• Activity
Give back all of the data exactly, with every picture omitted.

• Dataset section
• • •

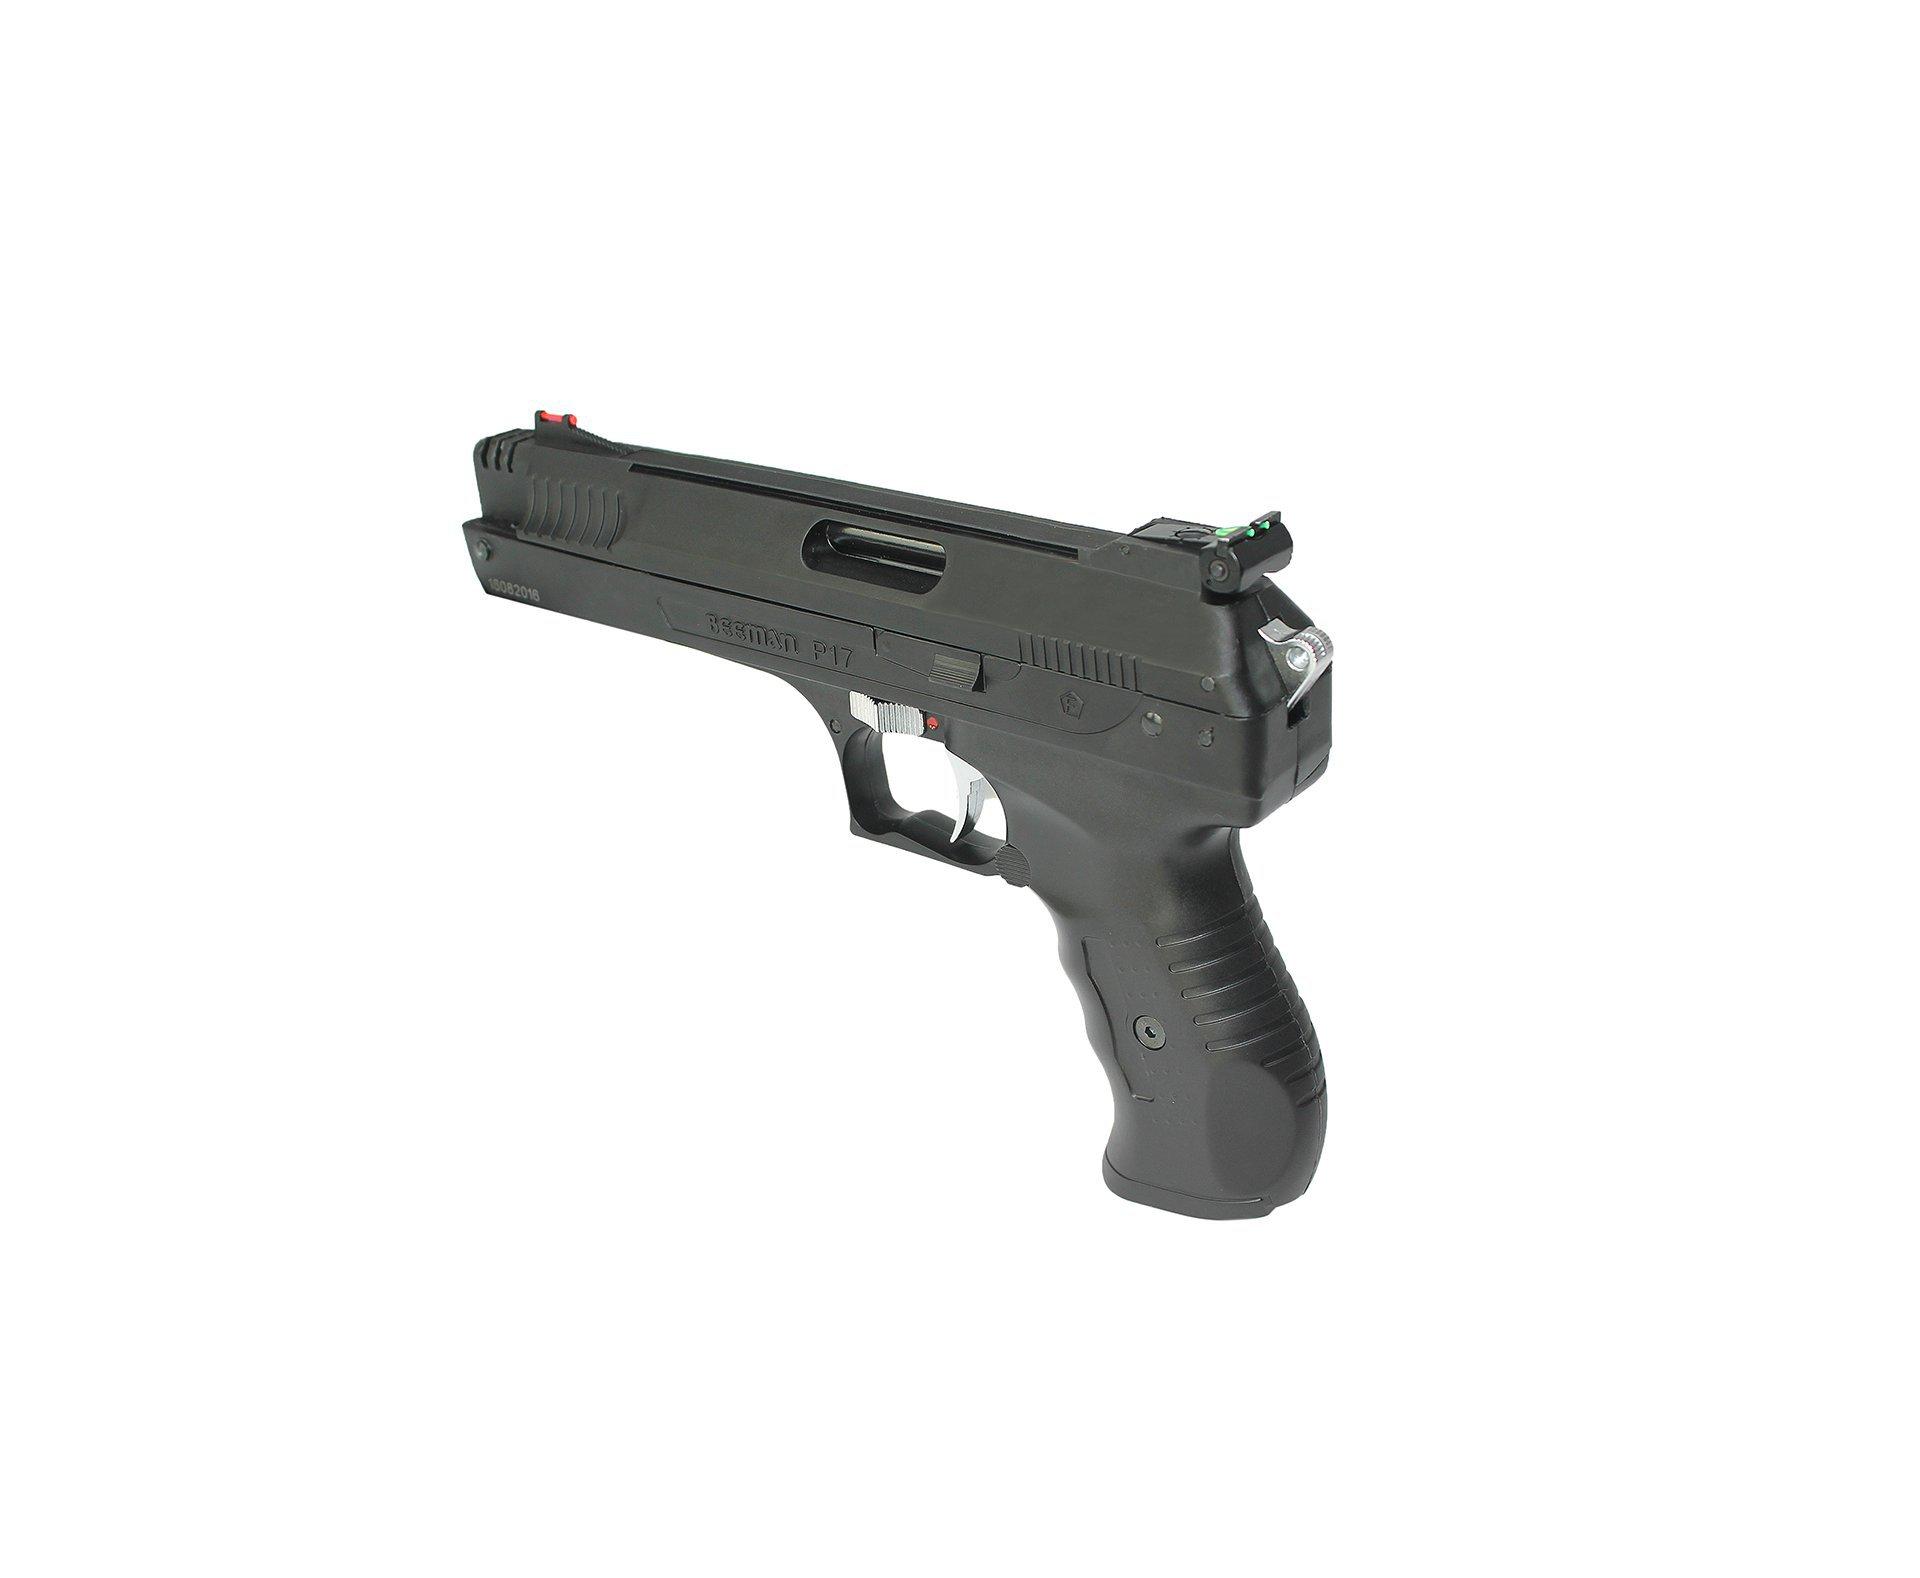 Pistola De Pressão Beeman 2004 P-17 Cal 5,5mm - Rossi
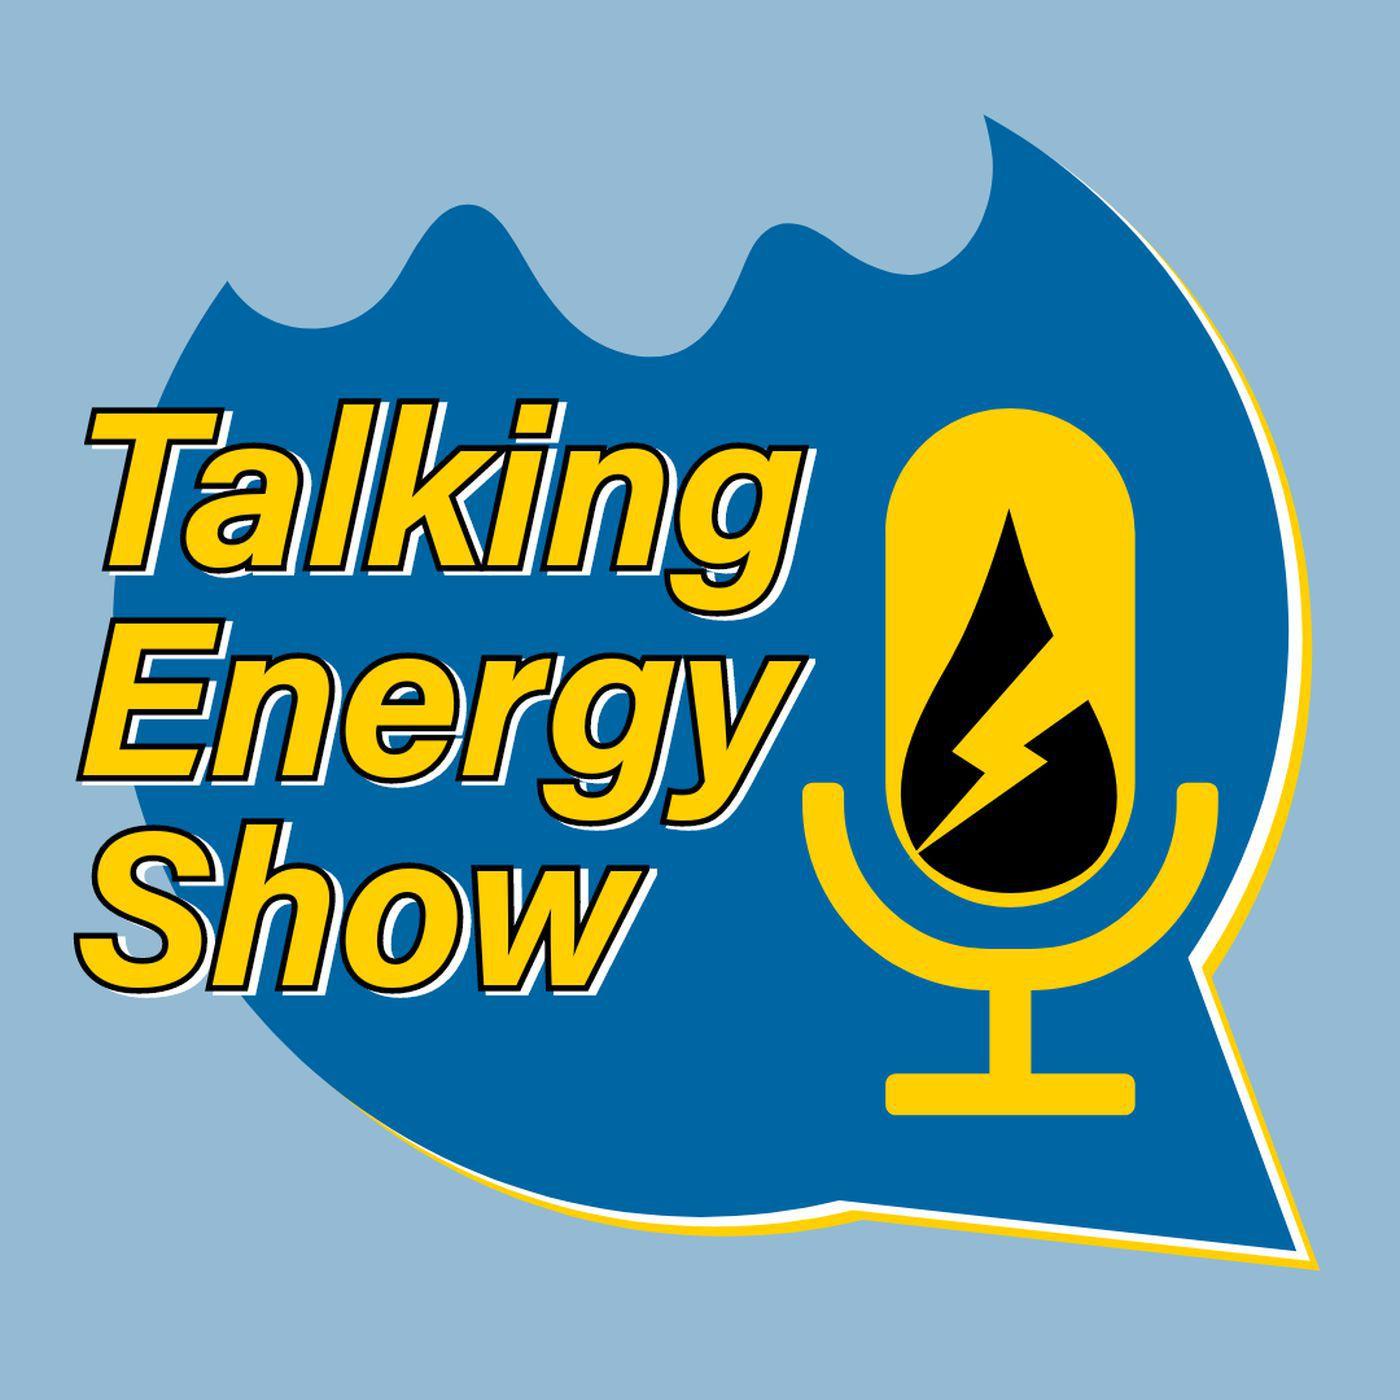 Talking Energy Show
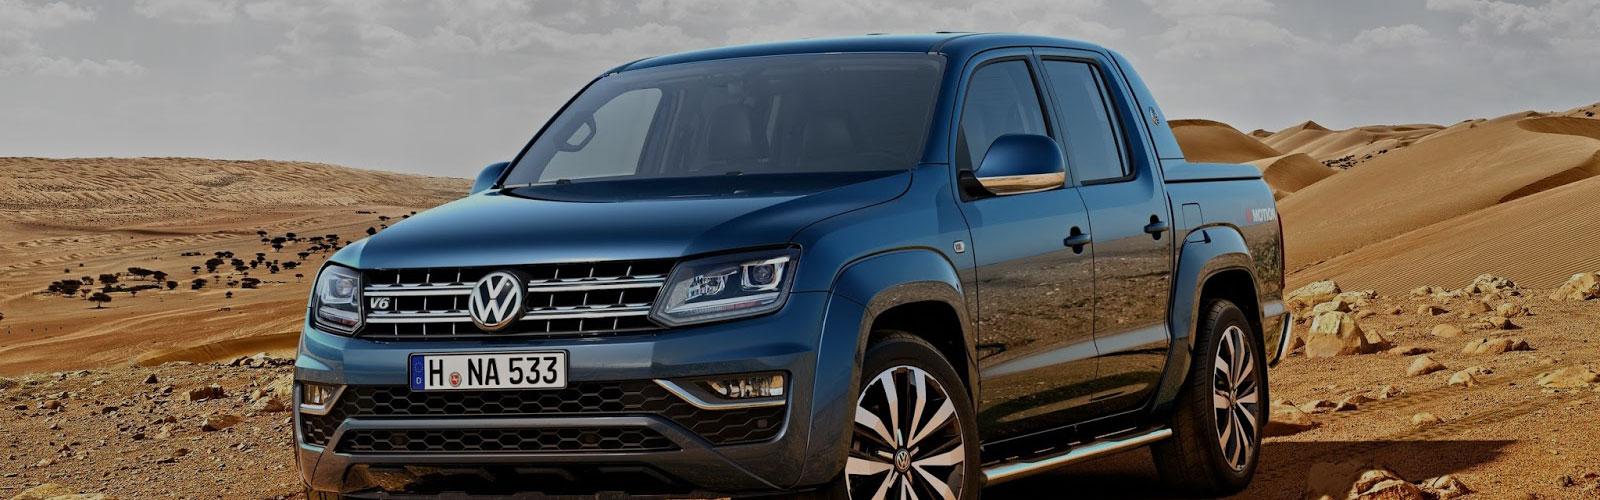 Volkswagen Επαγγελματικά Νέα Μοντέλα - Γ. Καψιώχας Α.Ε.Β.Ε. - Εξουσιοδοτημένος έμπορος Kosmokar

• • •

• Task solution
 Pistola De Pressão Beeman 2004 P-17 Cal 5,5mm - Rossi
 Talking Energy Show
 Volkswagen Επαγγελματικά Νέα Μοντέλα - Γ. Καψιώχας Α.Ε.Β.Ε. - Εξουσιοδοτημένος έμπορος Kosmokar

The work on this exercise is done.